A group of the world's largest hedge funds are planning to sue the Financial Services Authority for millions of pounds of losses allegedly resulting from the regulator's ban on short selling, according to a report in the Sunday Telegraph.
A group of the world's largest hedge funds are planning to sue the London-based Financial Services Authority for millions of pounds of losses allegedly resulting from the regulator's ban on short selling, according to a report in the Sunday Telegraph.
The report cited several unnamed hedge fund industry representatives who said that the British financial regulator wrongly extended its powers and caused "widespread capital destruction."
On Thursday, the FSA announced a ban on short selling of financial stocks. That move was followed on Friday with a similar action by the Securities and Exchange Commission.
The Telegraph reported that that 35% of European hedge funds were organizing emergency measures to avoid closing funds as a ban on short-selling has hindered fund managers at a time when they need flexibility to survive.
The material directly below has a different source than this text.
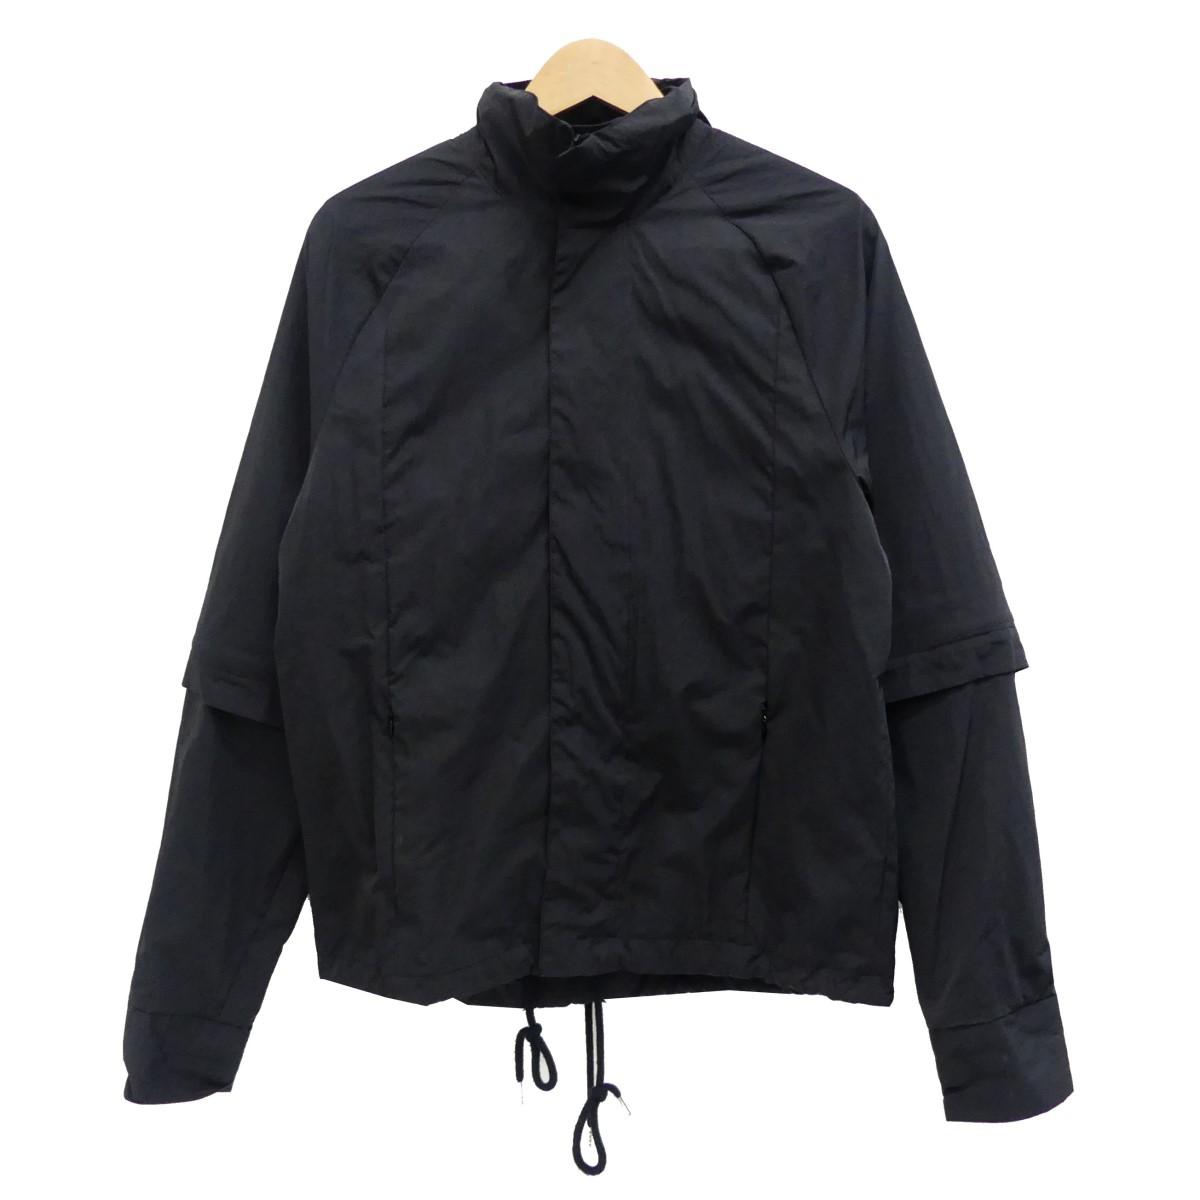 【中古】COTTWEILER ジップアップジャケット ブラック サイズ:M 【140420】(コットワイラー)

"It's too easy to blame hedge funds," said a fund manager quoted in the report, who asked not to be identified.
"The real culprits are the banks which were cavalier in their lending and the investment banks which were irresponsible in the way they packaged the loans and pumped them round the world.”
Shares of The Goldman Sachs Group Inc. and Morgan Stanley, both of New York, were battered by short-sellers before a temporary emergency action to prohibit short selling in 799 financial companies was put in place Friday.